ゲストにはシャンプーや洗剤などの使用済み詰め替えパックの店頭回収を担当するライオンの小和田みどり部長、花王の瀬戸啓二マネジャーをお迎えしました。

脱炭素社会の構築に向けた「カーボンプライシング」と循環型経済(サーキュラーエコノミー)。一見無関係のように見えて実はコインの面と裏のようにつながっています。ではそれぞれどういうもので、どうつながっているのでしょうか。

第1部「カーボンプライシングはビジネスにどんな影響を与えるのか」では、カーボンプライシングの説明から始まり、世界のカーボンプライシングの進み具合や日本の対応状況、今後の課題などについて、環境省環境経済課・課長補佐の安田將人さんからお話いただきました。

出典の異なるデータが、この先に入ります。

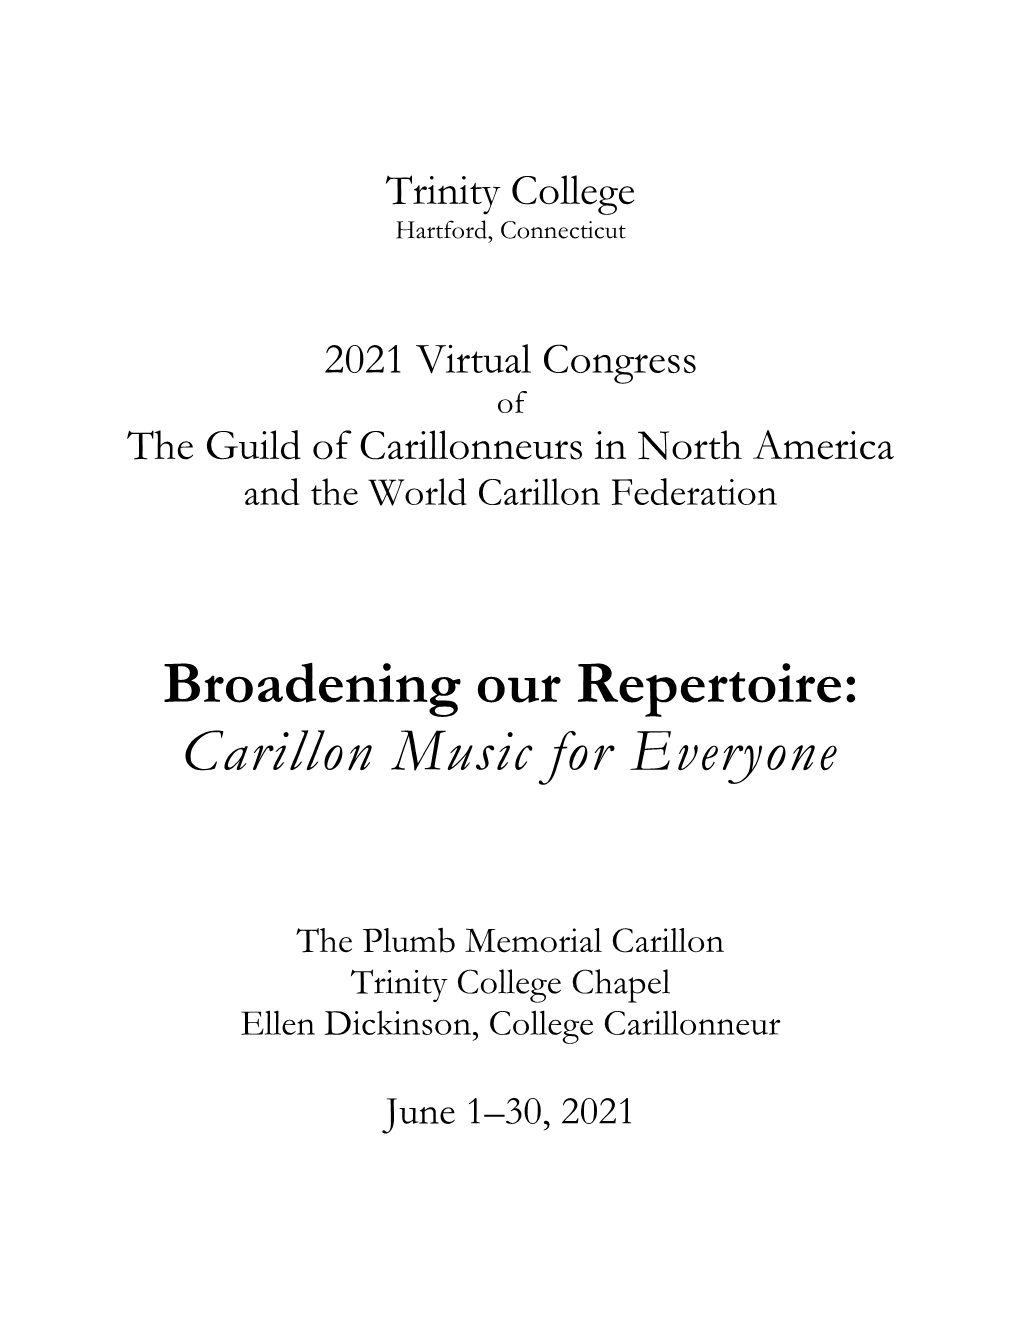 Broadening Our Repertoire: Carillon Music for Everyone

カーボンプライシングには炭素税などの明示的カーボンプライシングとエネルギー課税などの暗示的炭素価格の2種類がある

脱炭素社会に向けた取り組みであるカーボンプライシングは、個人や法人が温室効果ガスのコストを意識して行動するよう、炭素の排出に対して価格を付ける経済的手法の一つです。脱炭素化に向けた投資・消費に資する価格情報を個人や法人に向けて発信することで、脱炭素化への取り組みを加速していきます。

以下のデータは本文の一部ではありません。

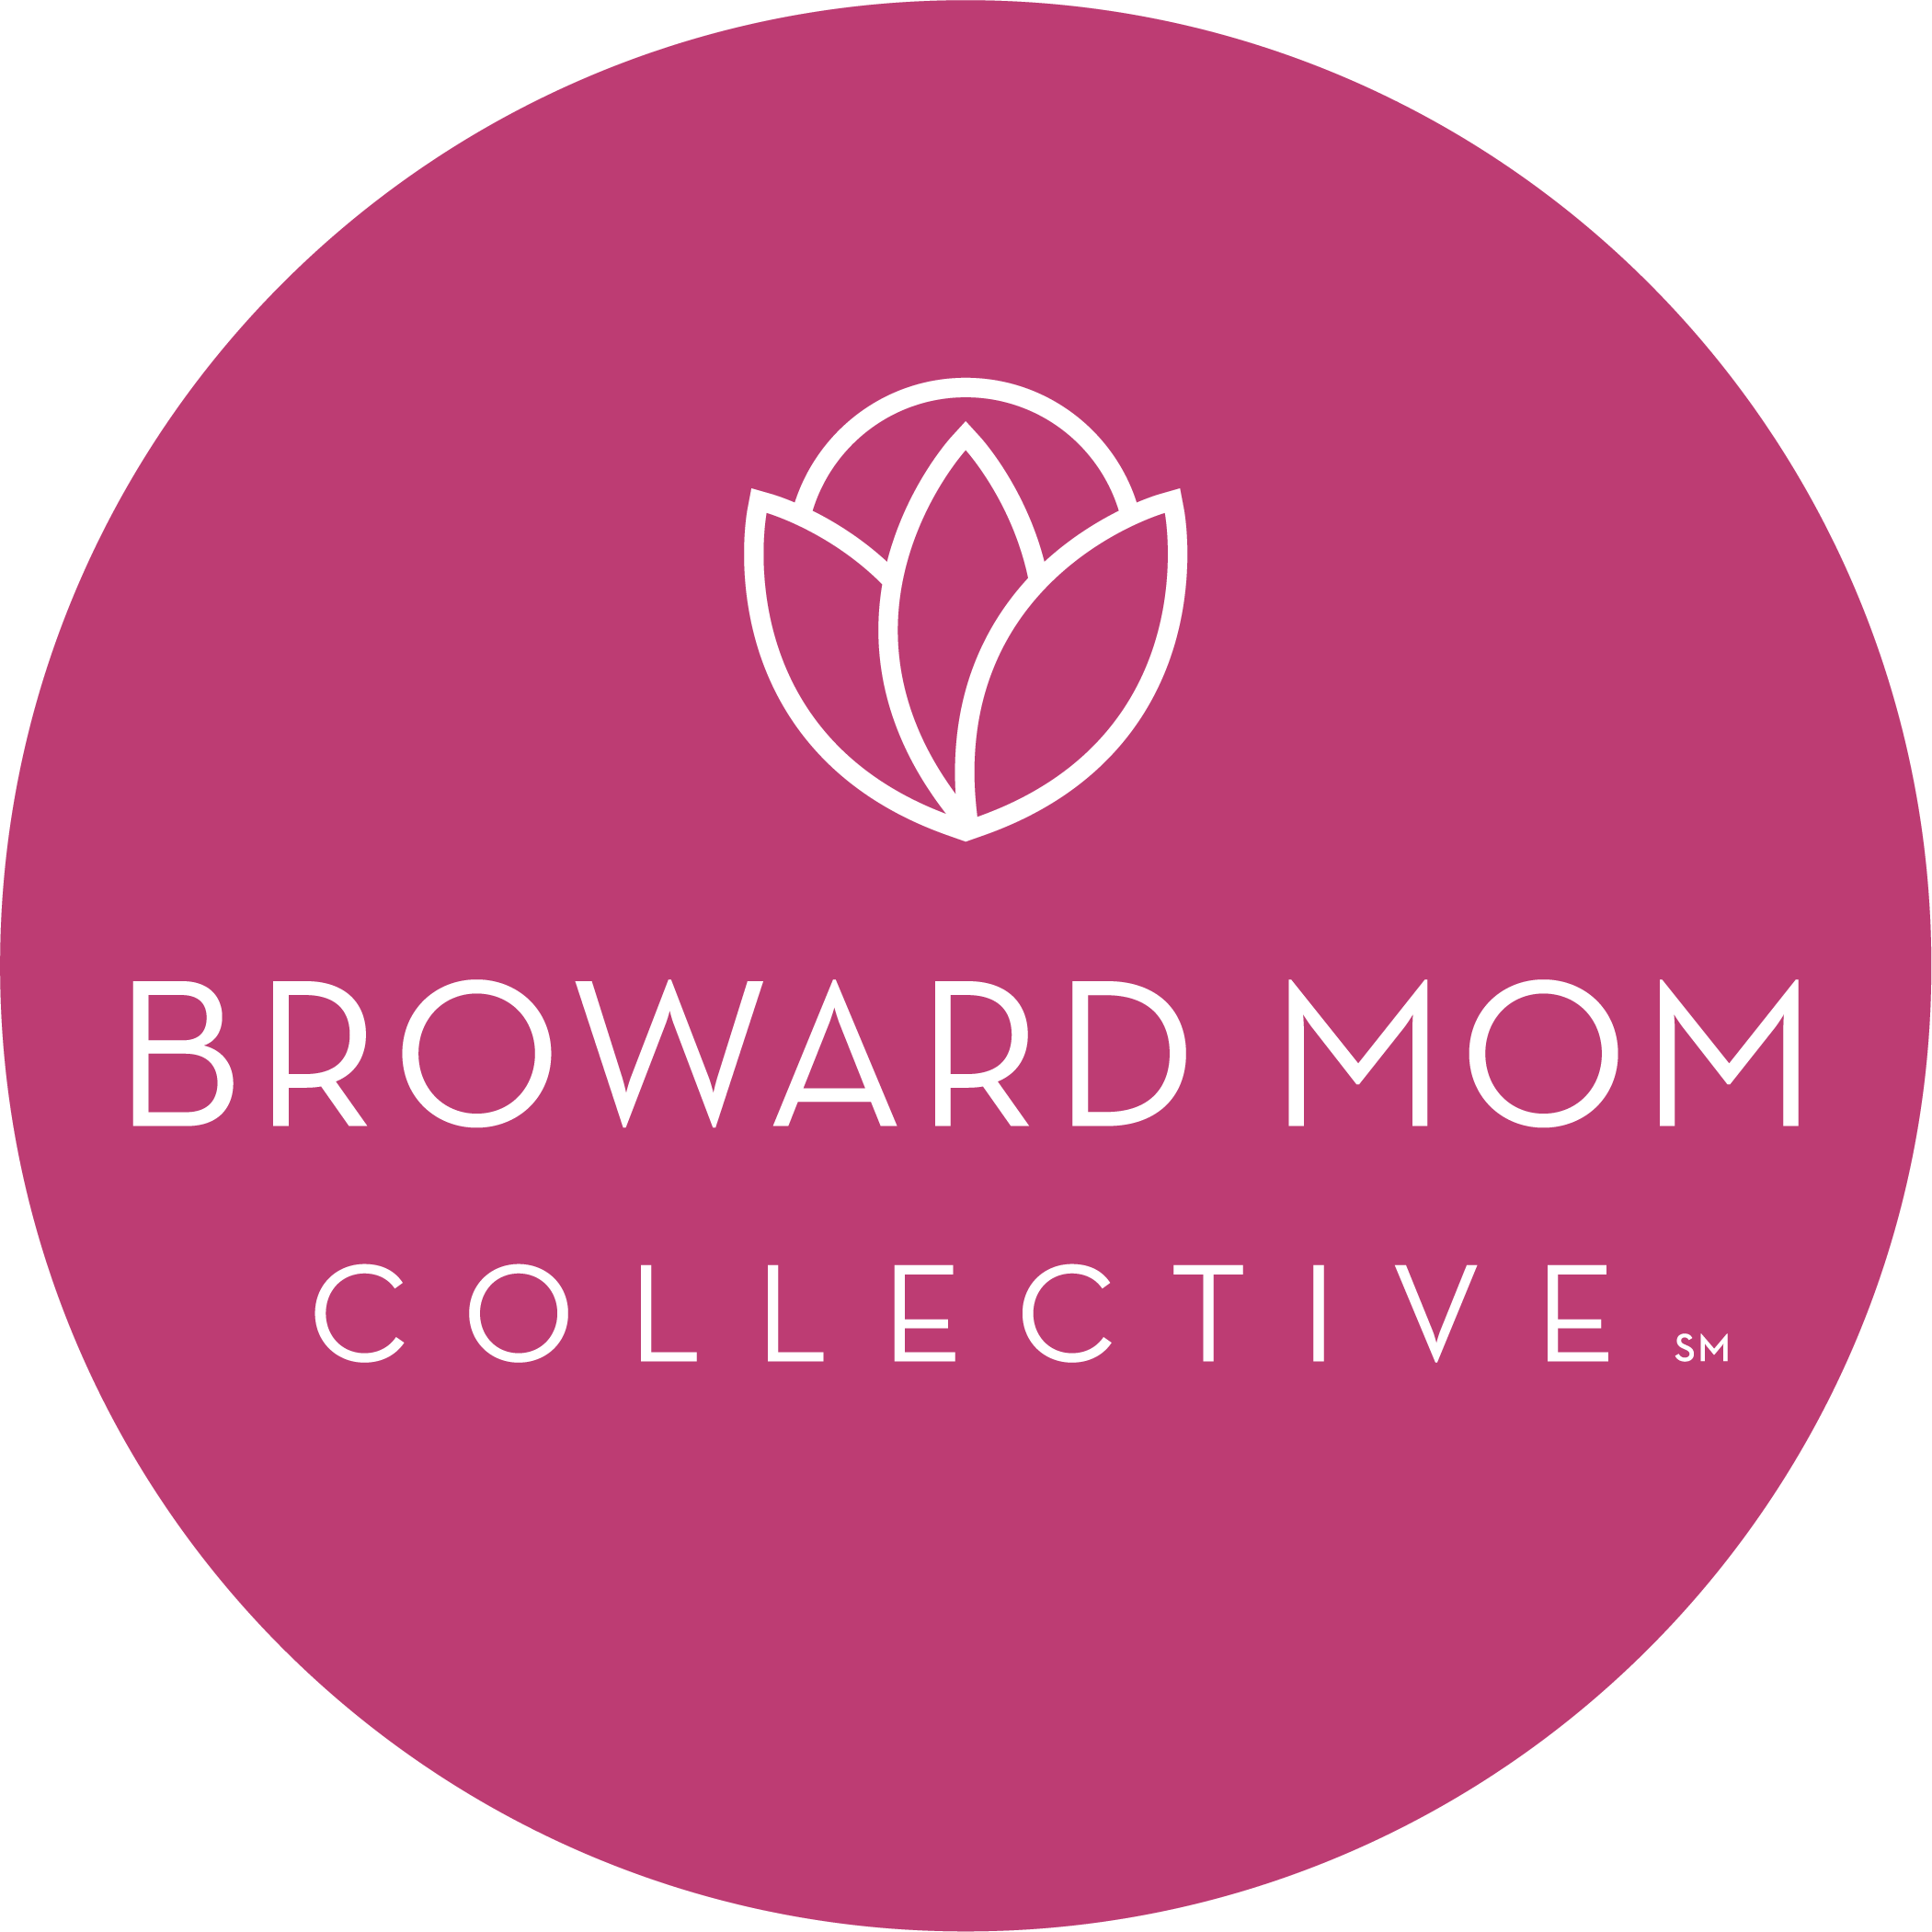 Broward Mom Collective

事業者にCO2排出量1トン当たりの費用を負担(炭素比例)させるカーボンプライシングは、 価格固定型の炭素税と、数量固定型の排出量取引制度の2つに大別されます。

世界で初めて炭素税を導入した国はフィンランドで、1990年に遡ります。日本でも2010年頃にカーボンオフセットの取り組みが活発化した時期がありましたが、導入はできませんでした。昨年10月に菅首相が2050年カーボン実質ゼロ宣言をしたことで、一気に流れが脱炭素に変わりました。その目標を達成するためにも、カーボンプライシングは重要な施策になってきます。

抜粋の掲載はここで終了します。